Physical forces, not shape, identified as driving factor of cell division direction

Study by the Sanson Lab published in Developmental Cell sheds light on the driving mechanisms that determine the direction of the plane of division during development

Cells are 3D objects and it is essential that the orientation of their plane of division is tightly controlled for tissues and organs to achieve the correct shape and size. Most cells tend to divide in half splitting across the longest axis of their shape. So far, it was unclear if this was determined only by cell shape or by the forces acting on cells in a tissue: if a tissue is stretched, it is hard to tell if a cell orients its division because of the force applied to both ends, or because the forces changed its shape. 

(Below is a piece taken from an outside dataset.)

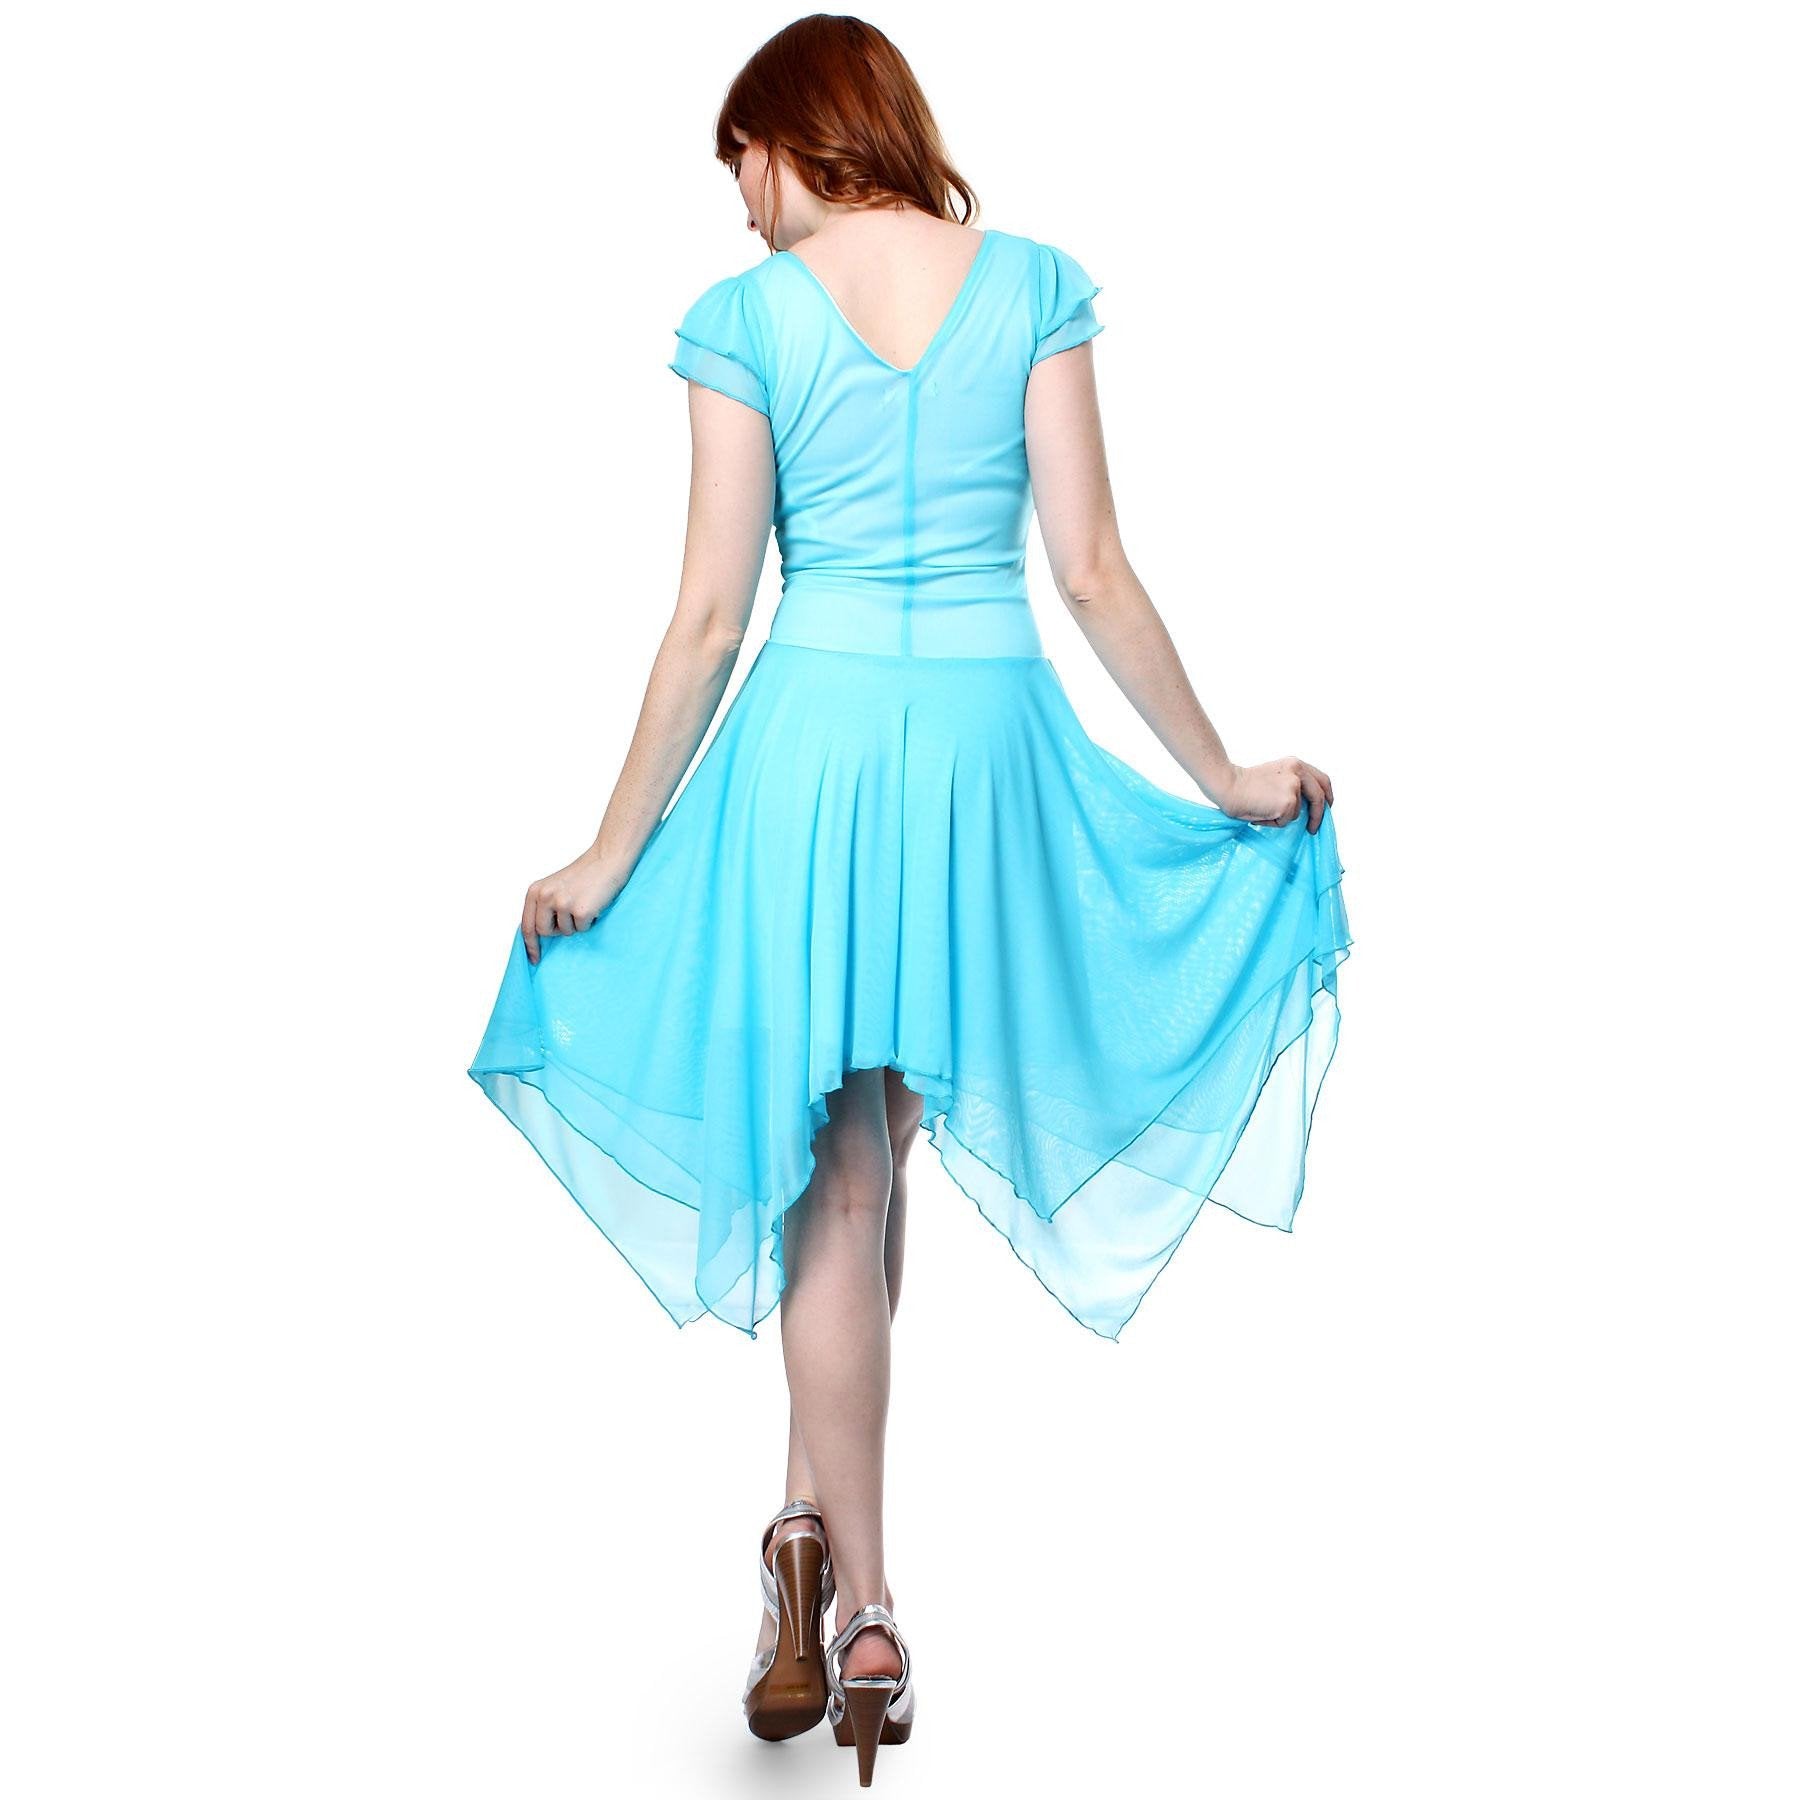 Double Layers Asymmetrical Handkerchief Skirt Dress- More Colors!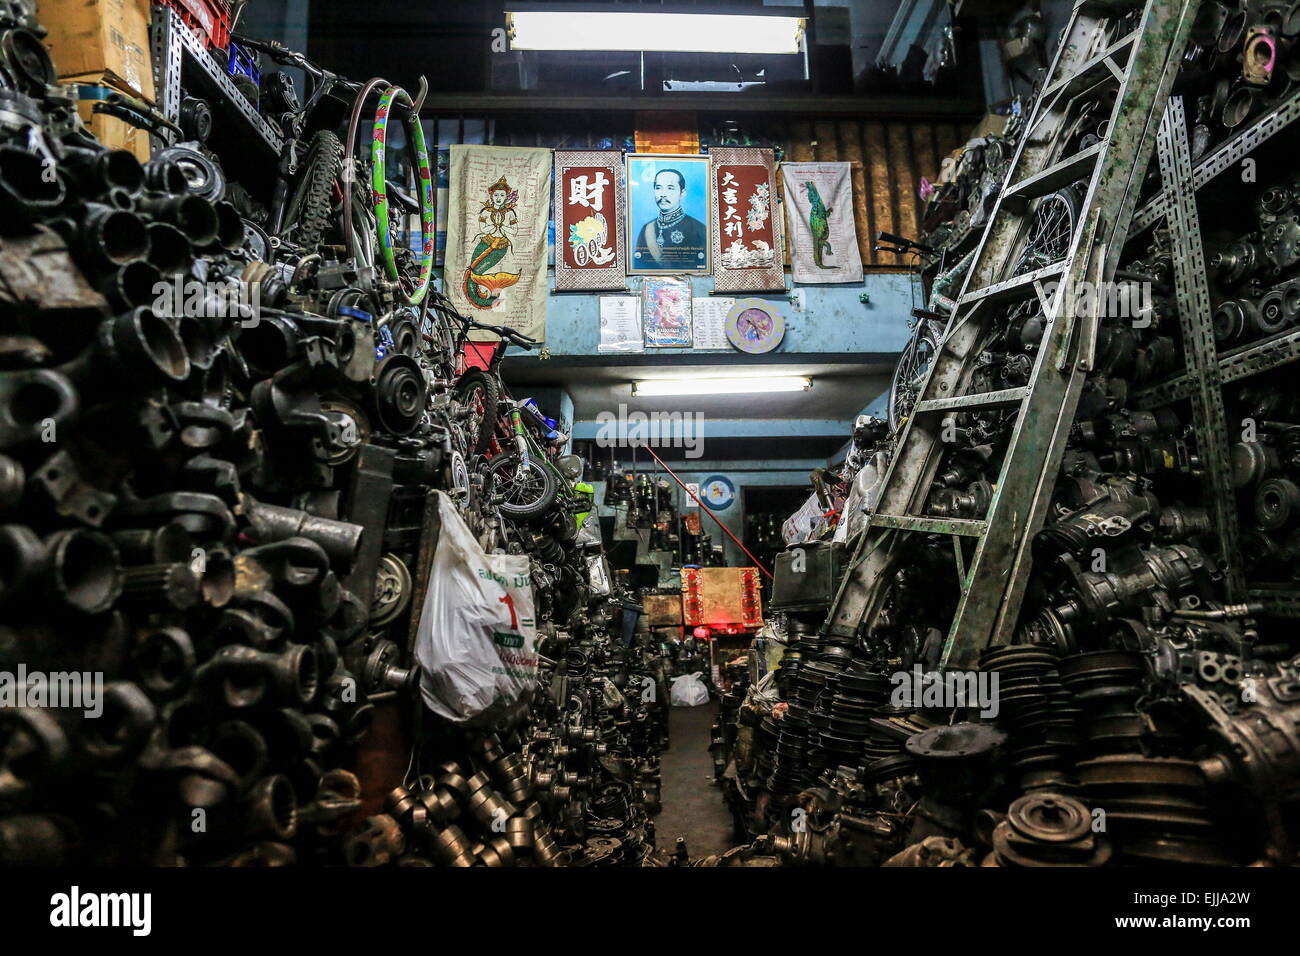 Feb 25, 2015 - Bangkok, Thailand - View from inside a shop where we

In this study, the Sanson lab was able to determine for the first time in vivo, studying the developing Drosophila embryo, that physical forces, rather than the cell shape, are driving the direction by which cells divide. To determine this, they studied cells localized at specific boundary locations in the embryonic epithelium. Like a fence between two houses, these boundaries ensure that cells between different areas are kept separate, and they do so because they are enriched in actomyosin, that generates high forces. By cutting the boundaries with a very precise laser, the researchers were able to release the forces that anchored the cells to the boundary and determined the direction of the division. Once released, they observed that the cells, which still maintained their original shape, started dividing across a different direction, proving that the forces are the driving factor in determining cell division. 

 Image by Developmental Cell.

A correct orientation of cell divisions during development is essential to avoid conditions like microcephaly in the brain and polycystic kidney disease. This study is important because it increases our understanding of the cell division process and its potential pitfalls.

Reference: Scarpa E, Finet C, Blanchard GB, Sanson B, (2018), Actomyosin-Driven Tension at Compartmental Boundaries Orients Cell Division Independently of Cell Geometry In Vivo, Developmental Cell.